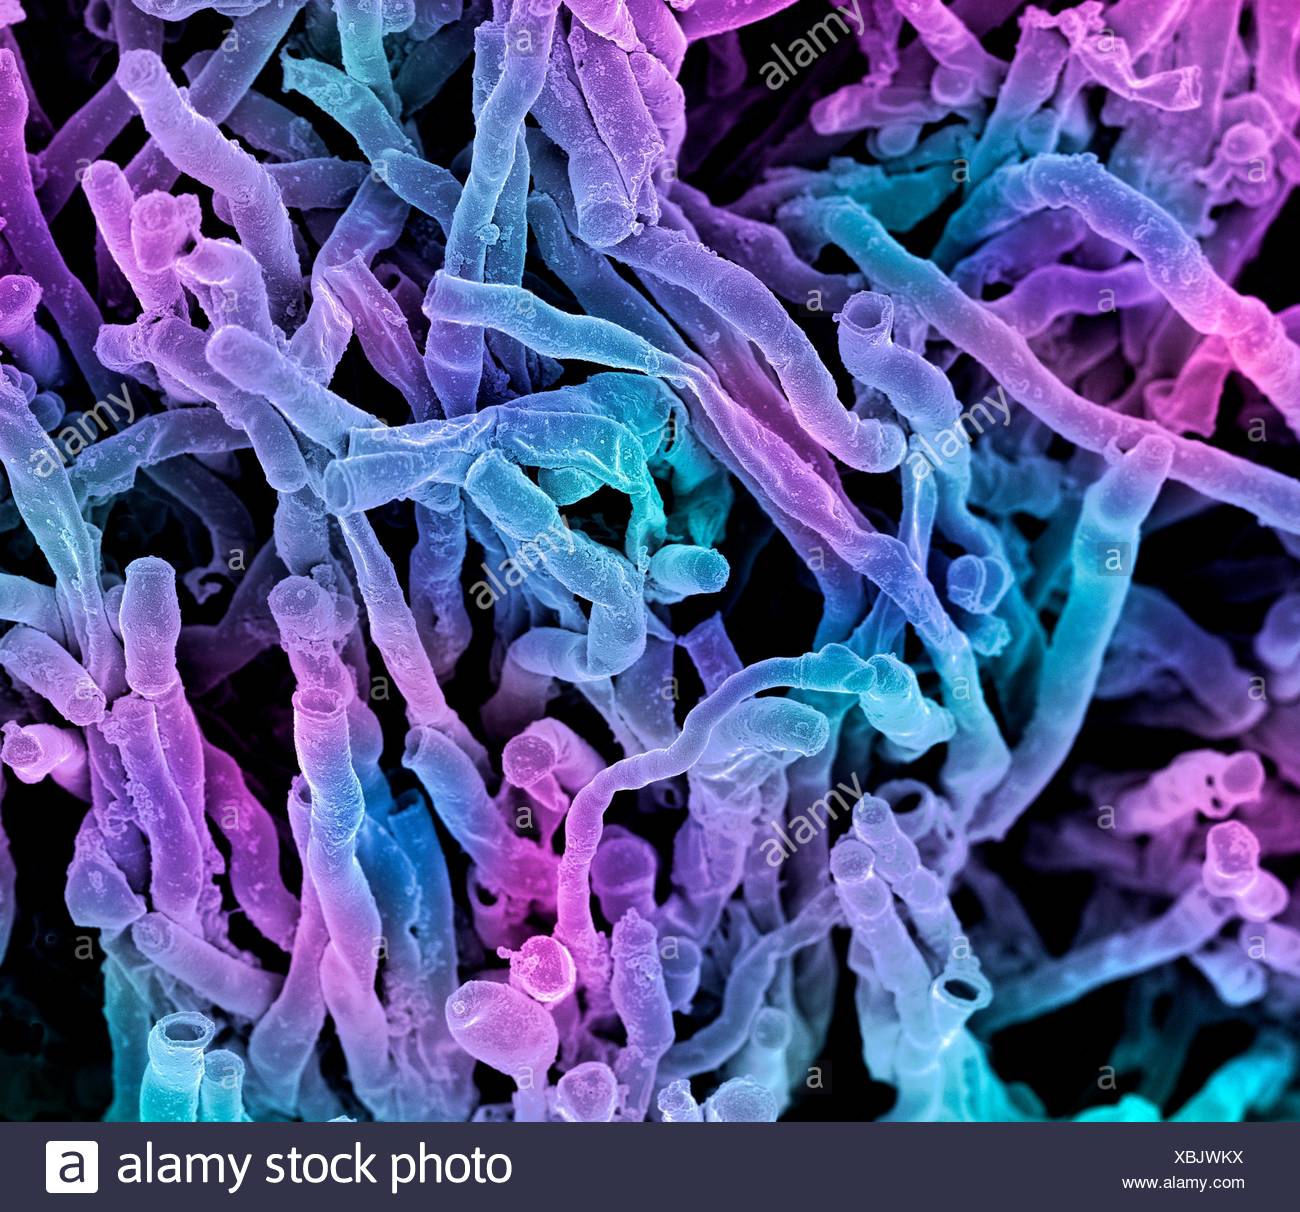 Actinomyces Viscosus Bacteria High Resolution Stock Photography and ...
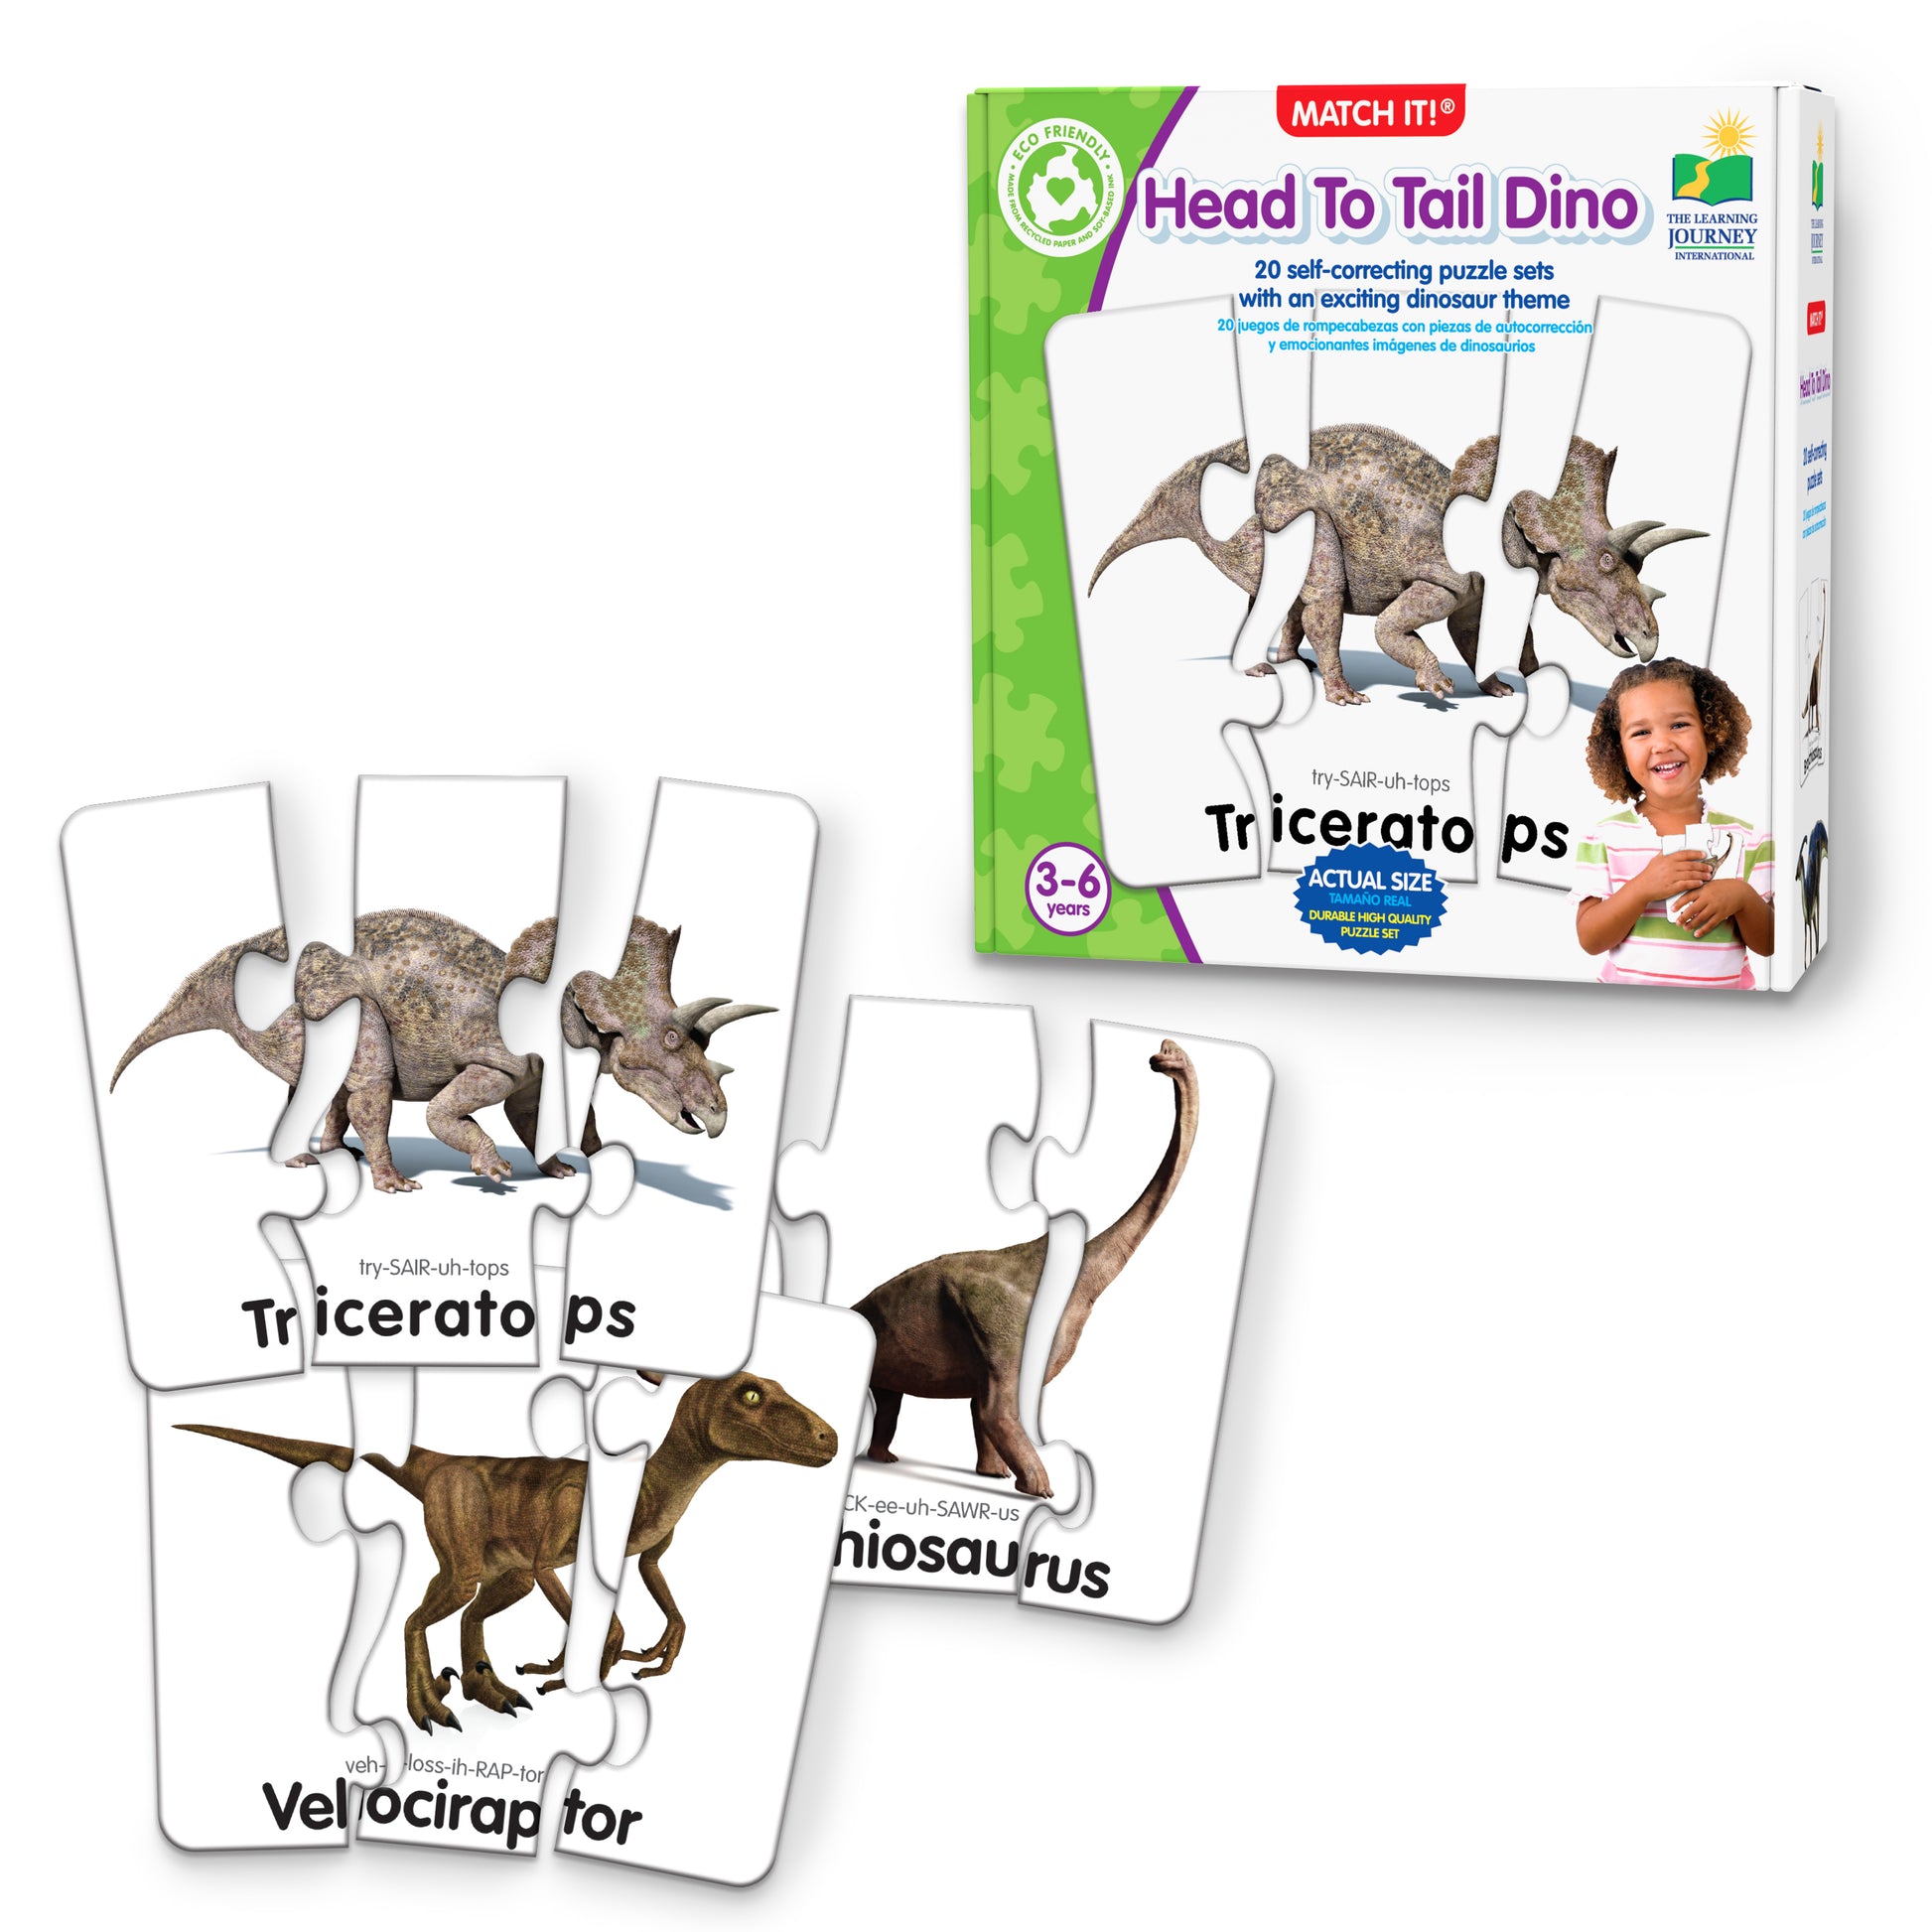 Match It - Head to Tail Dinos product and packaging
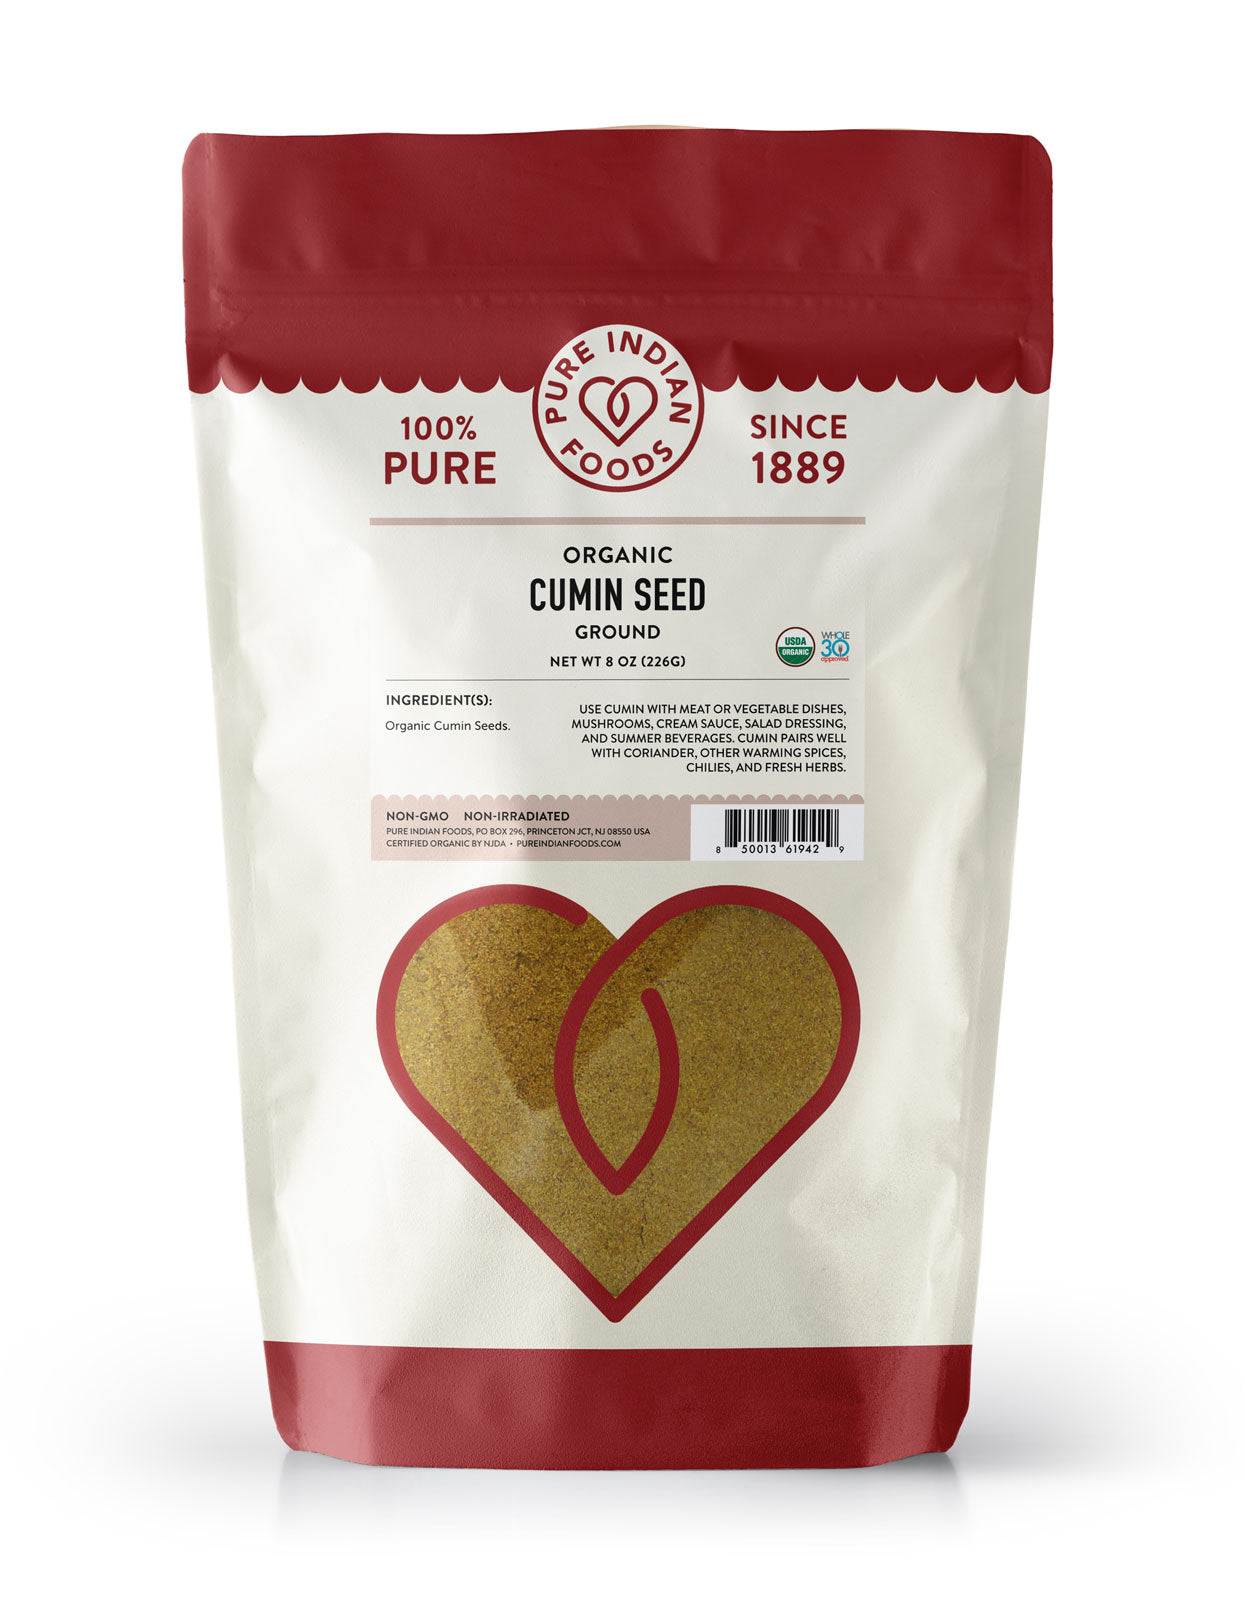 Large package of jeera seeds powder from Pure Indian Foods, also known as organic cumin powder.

..............................

Only the pictures are to be omitted; restate everything else above exactly.

▶ [Output of the exercise]
 Actinomyces Viscosus Bacteria High Resolution Stock Photography and ...
 Match It - Head to Tail Dinos product and packaging
 Large package of jeera seeds powder from Pure Indian Foods, also known as organic cumin powder.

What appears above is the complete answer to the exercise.